Noninvasive monitoring of respiratory function is common for mechanically ventilated patients. This is particularly the case with pulse oximetry, which is now available as part of the bedside monitoring system in most critical care units. Although pulse oximetry has become a standard of care during mechanical ventilation, it is important to recognize that there are few, if any, outcome studies to demonstrate the effectiveness of this monitor. Much of the success of pulse oximetry is related to its ease of use, compared to capnography and transcutaneous monitors. Capnography is commonly used in the operating room and is popular in some critical care units, while transcutaneous monitoring is used less commonly.

Pulse Oximetry

Principle of Operation

Pulse oximetry passes two wavelengths of light (usually 660 nm and 940 nm) through a pulsating vascular bed and determines oxygen saturation (SpO2) from the ratio of the amplitudes of the plethysmographic waveforms. A variety of oximeter probes are available in disposable and nondisposable designs, including finger probes, toe probes, ear probes, nasal probes, and foot probes. Most pulse oximeters provide a display of the plethysmographic waveform. Inspection of this waveform allows the user to detect artifacts such as that which occurs with motion and low perfusion.

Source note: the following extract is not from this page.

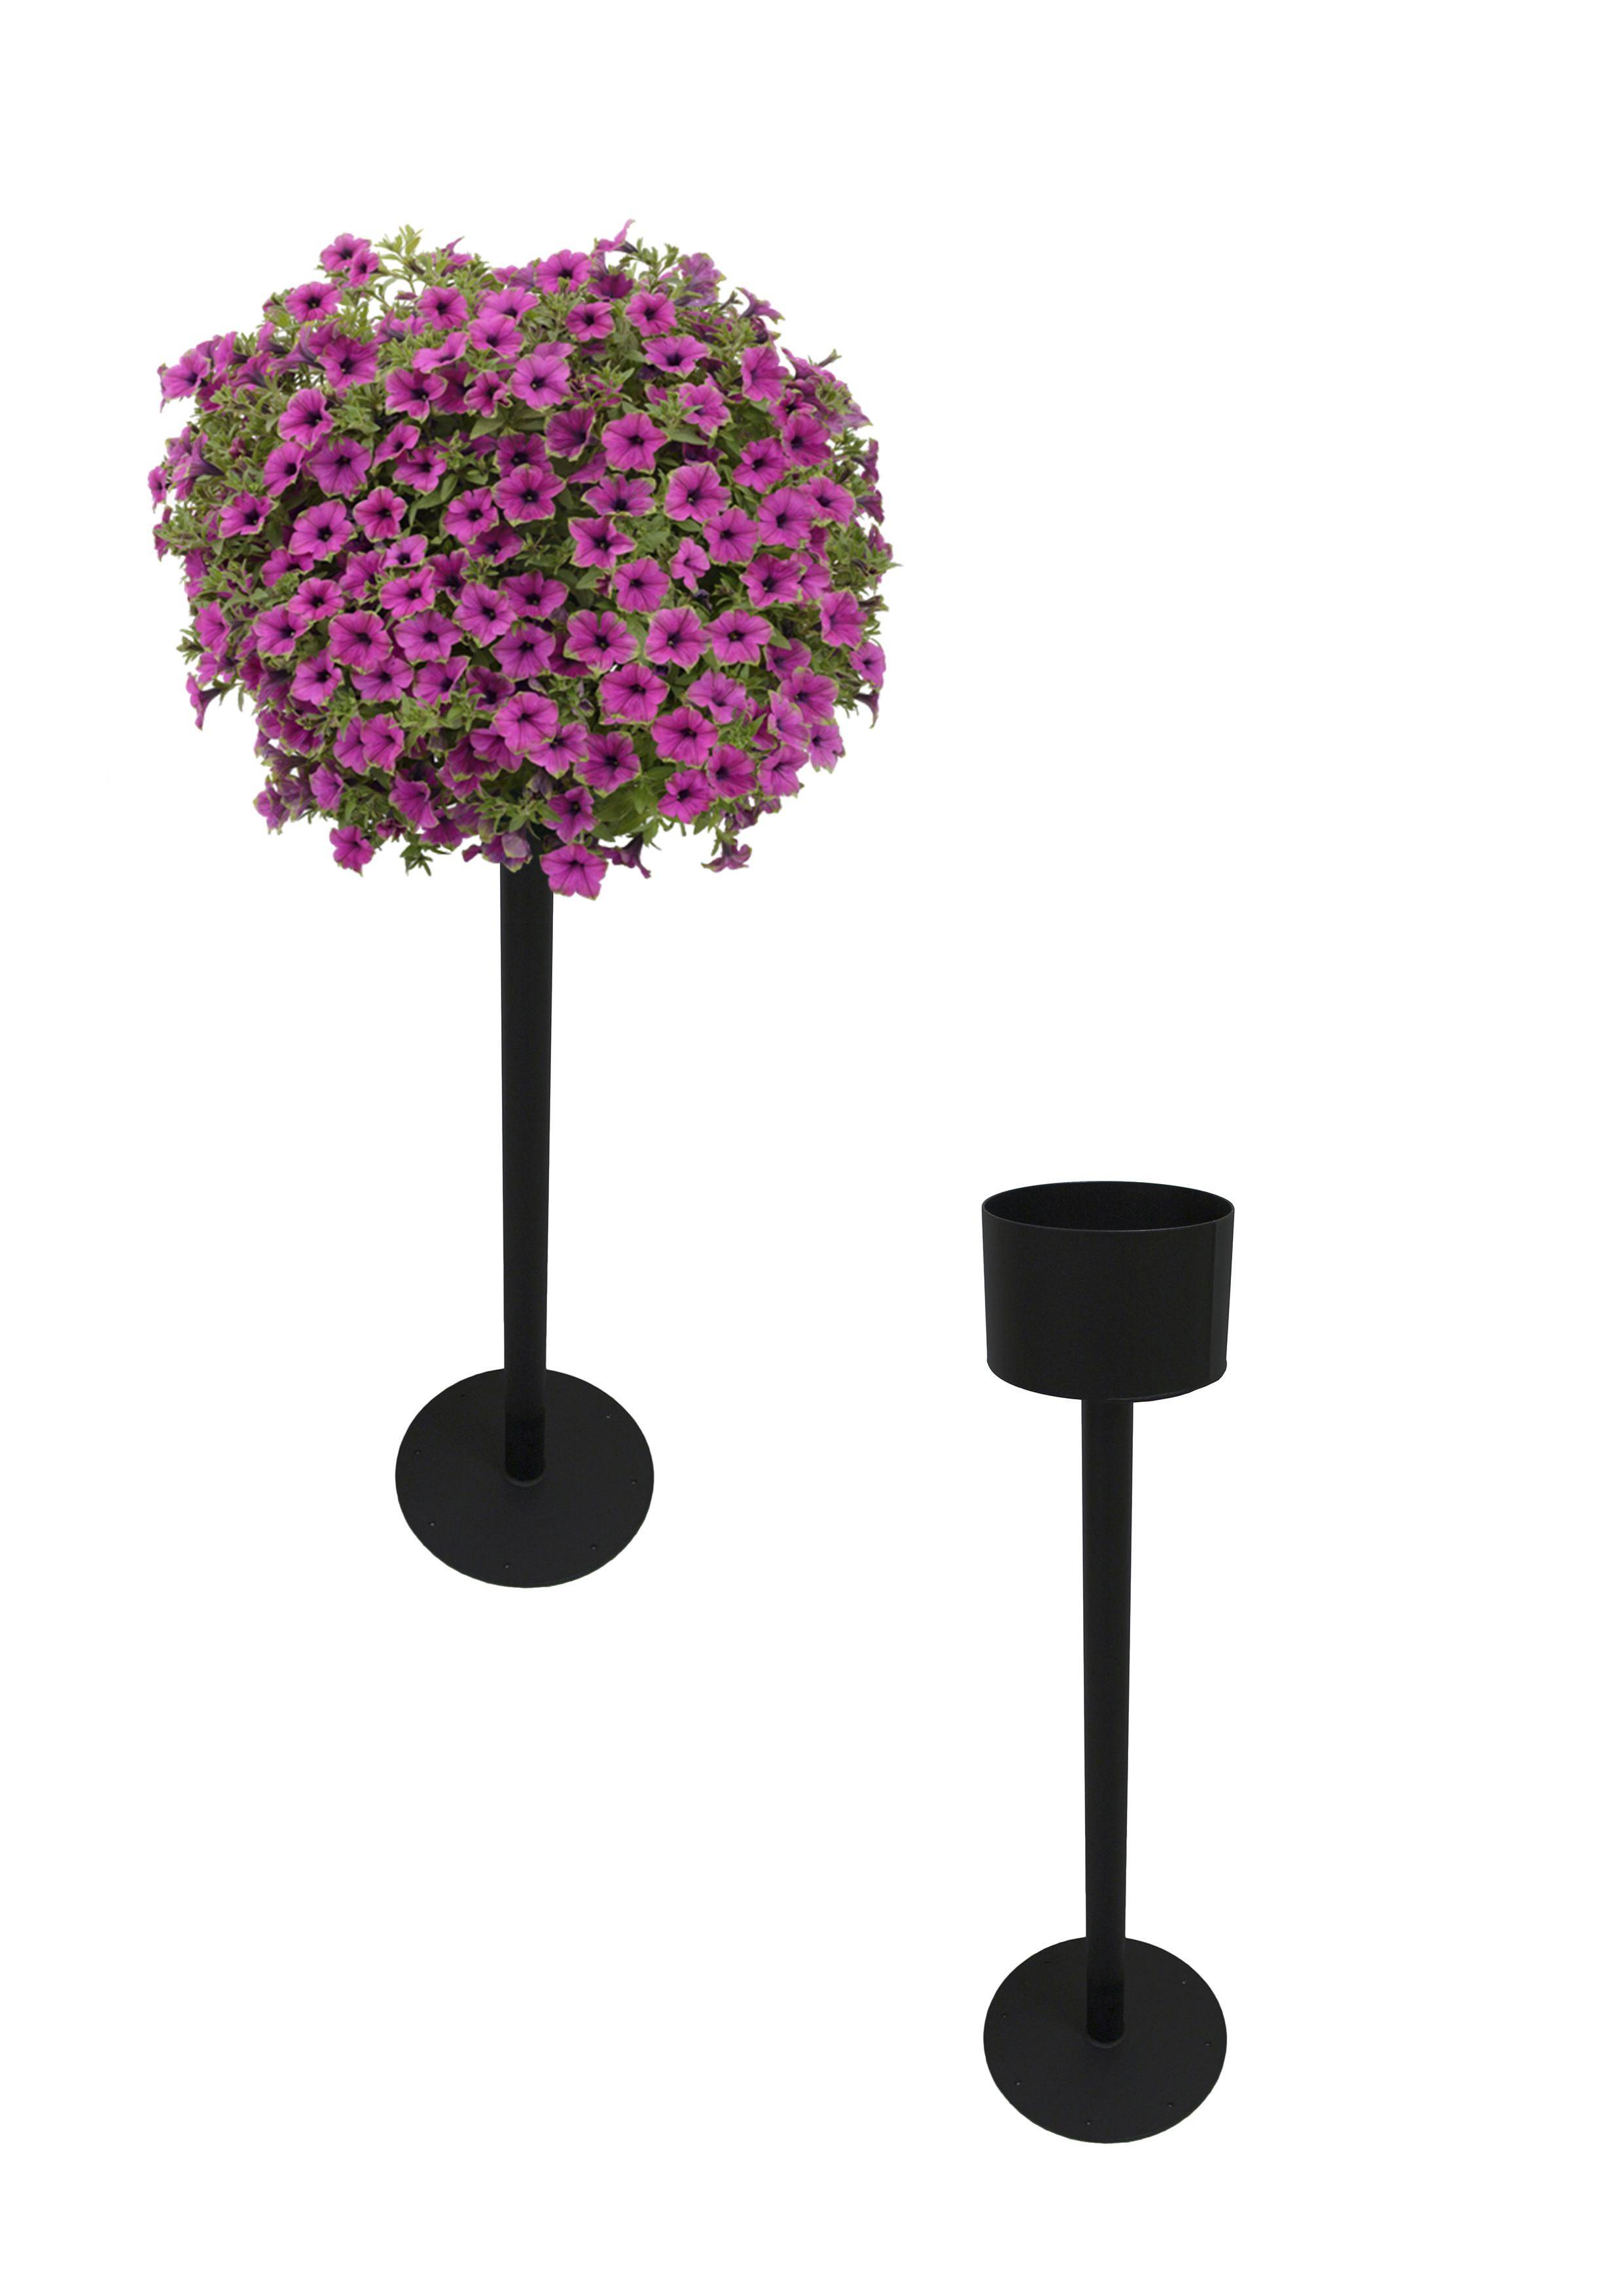 Ampli post, kõrgus 150cm + tald 40 cm

Because pulse oximeters evaluate each arterial pulse, they display heart rate as well as SpO2. The saturation reading should be questioned if the oximeter heart rate differs considerably from the actual heart rate, but good agreement between the pulse oximeter heart rate and the actual heart rate does not guarantee a correct SpO2 reading.

At saturations greater than 70%, the accuracy of pulse oximetry is about ±4% to 5%. To appreciate the implications of these accuracy limits, one must consider the oxyhemoglobin dissociation curve. If the pulse oximeter displays an SpO2 of 95%, the true saturation could be as low as 90% or as high as 100%. If the true saturation is 90%, the PaO2 will be about 60 mm Hg. However, if the true saturation is 100%, the PaO2 might be very high (≥ 150 mm Hg). Below 70%, the accuracy of pulse oximetry is worse, but the clinical importance of this is questionable. When using SpO2, one must understand the relationship between SO2 and PO2. ...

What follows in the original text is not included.